--- Given information ---

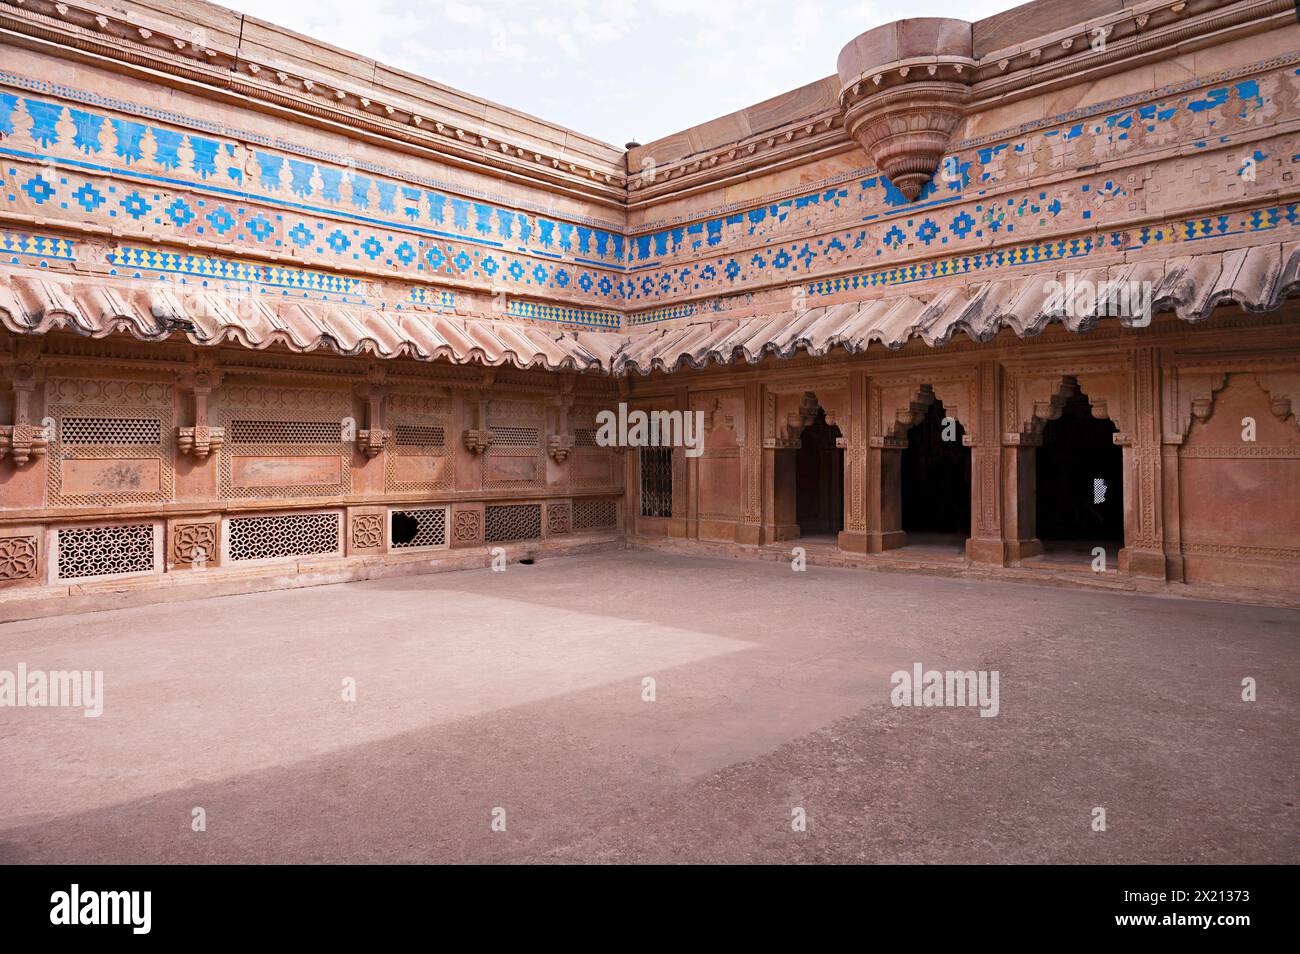 Intérieurs, Man Mandir Palace, Fort Complex, Gwalior, Madhya Pradesh, Inde Banque D'Images
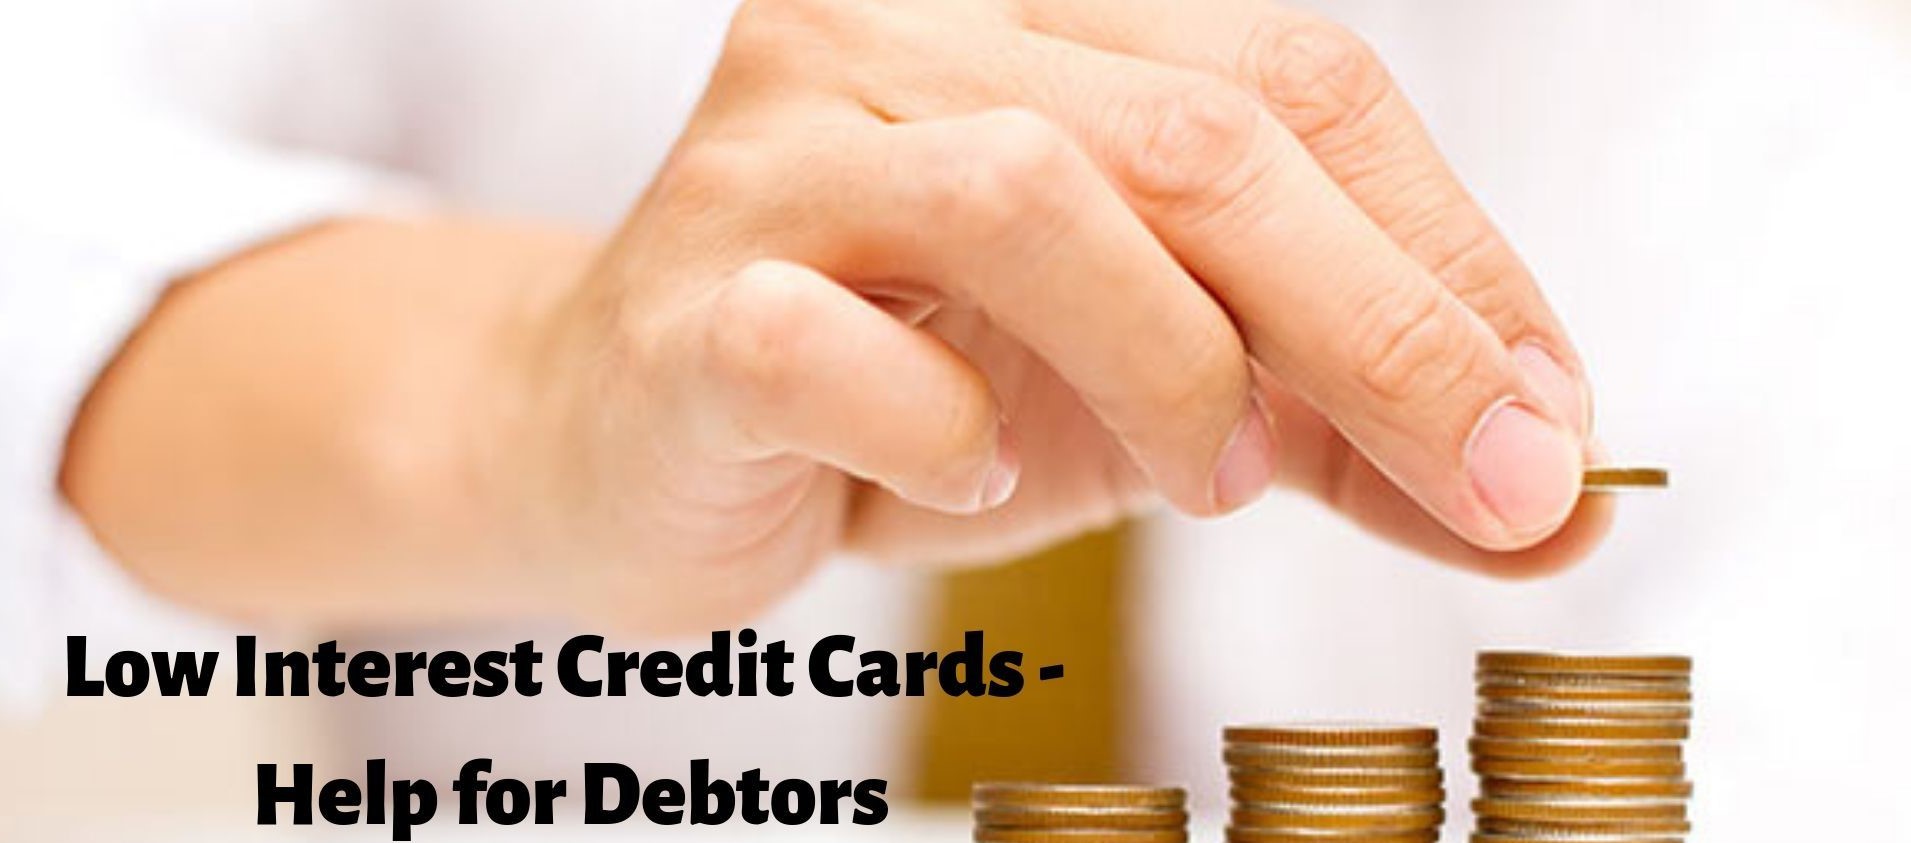 Low Interest Credit Cards - Help for Debtors
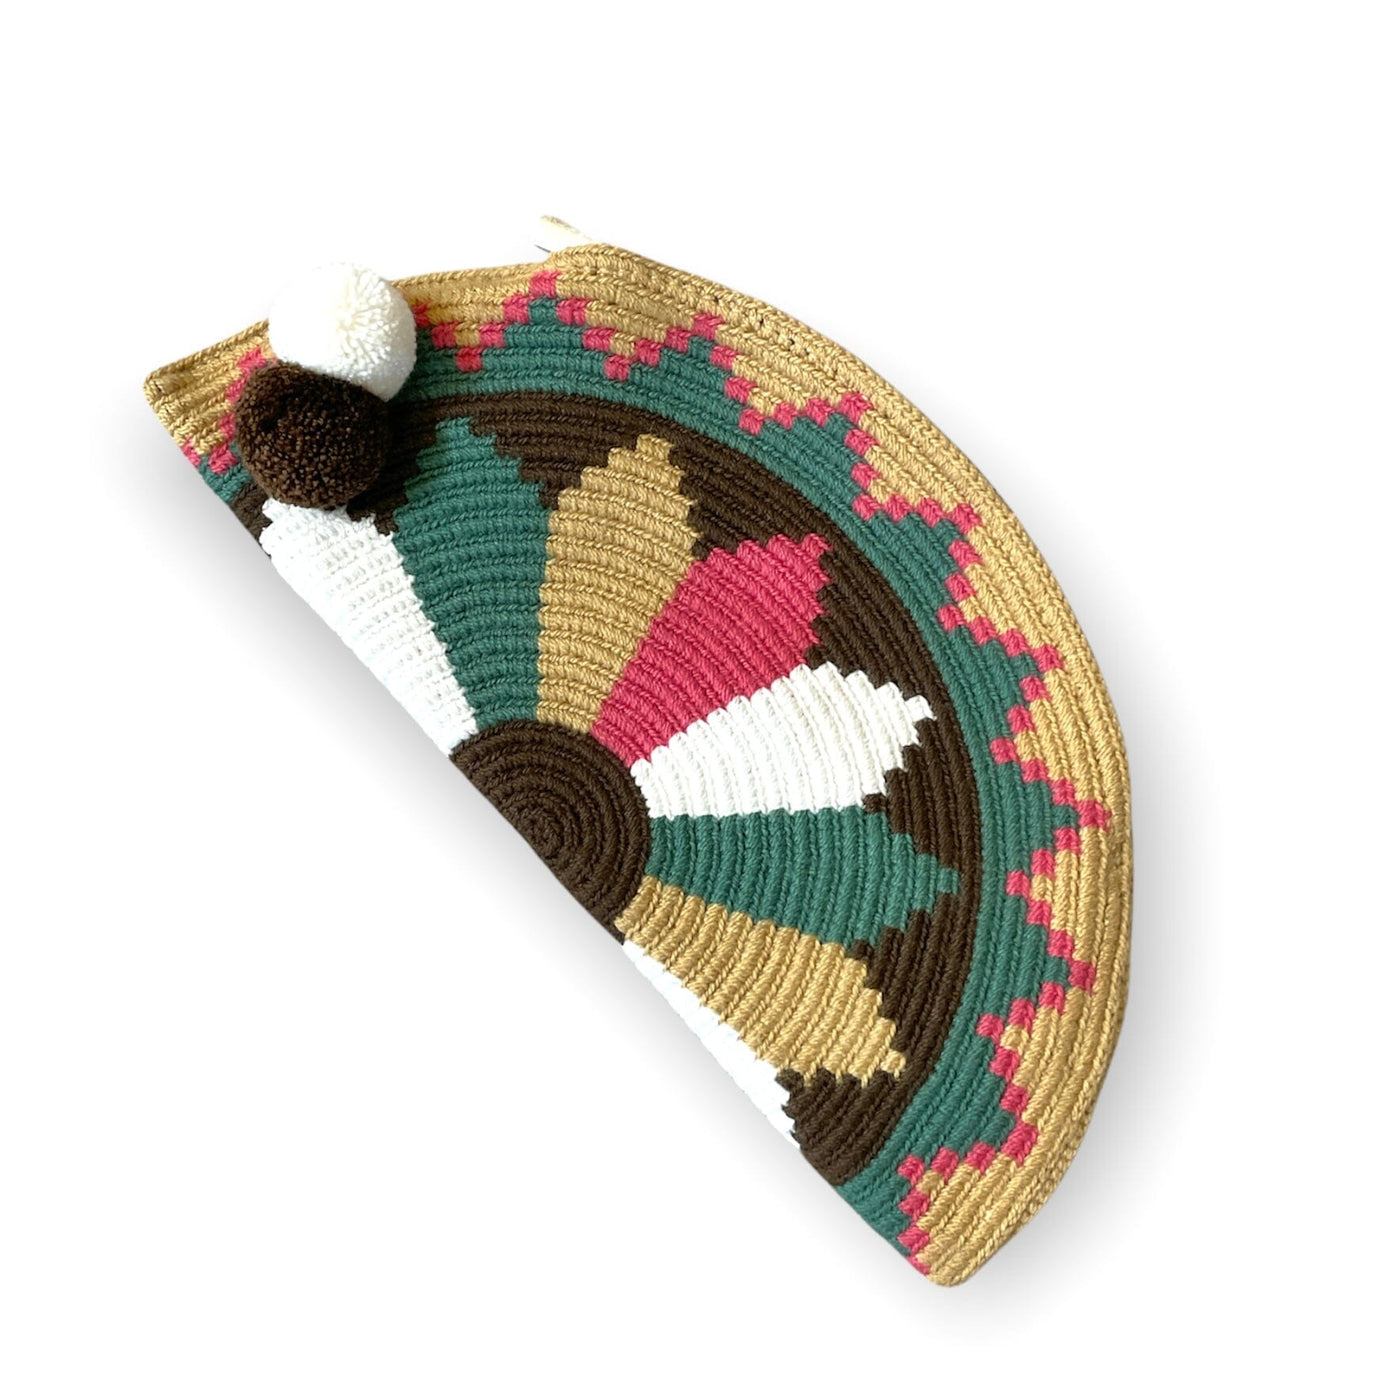 Moon Clutch Purses - Neutral Colors Boho Clutch Bag - Wayuu Crochet Envelope Desert Dreams DD03 
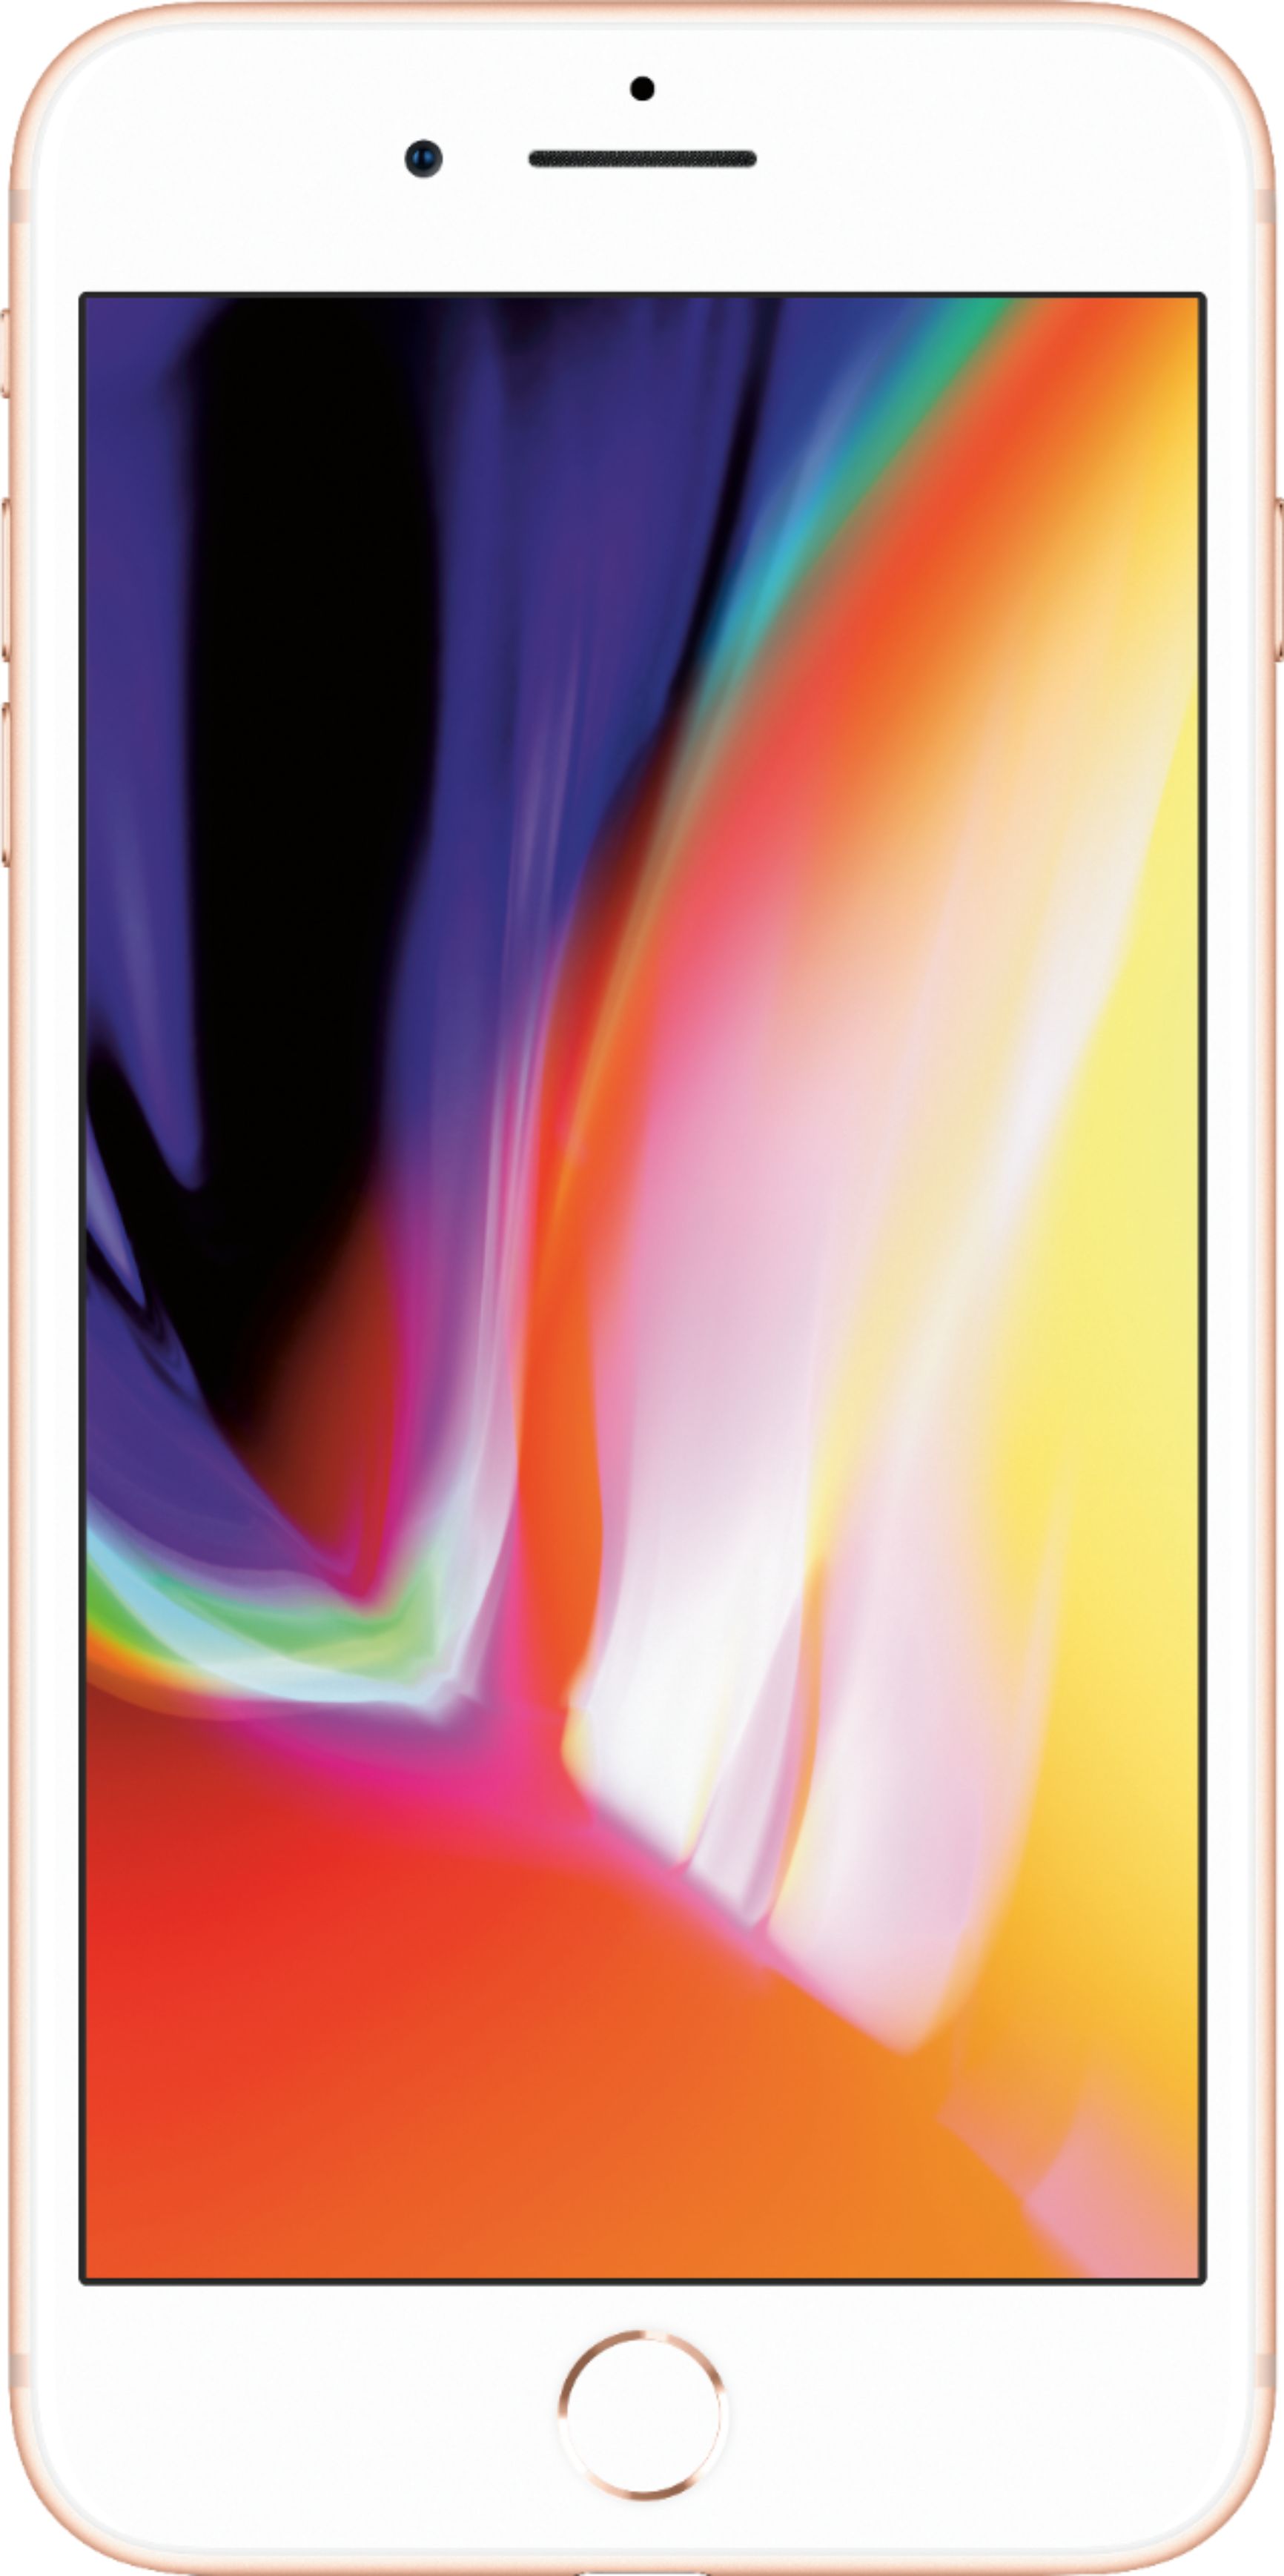 Apple - iPhone 8 Plus 128GB - Gold (Verizon)

---

● What is expected
Everything in the data must be printed verbatim except the pictures.

● Task response
 Intérieurs, Man Mandir Palace, Fort Complex, Gwalior, Madhya Pradesh, Inde Banque D'Images
 Low Interest Credit Cards - Help for Debtors
 Moon Clutch Purses - Neutral Colors Boho Clutch Bag - Wayuu Crochet Envelope Desert Dreams DD03 
 Apple - iPhone 8 Plus 128GB - Gold (Verizon)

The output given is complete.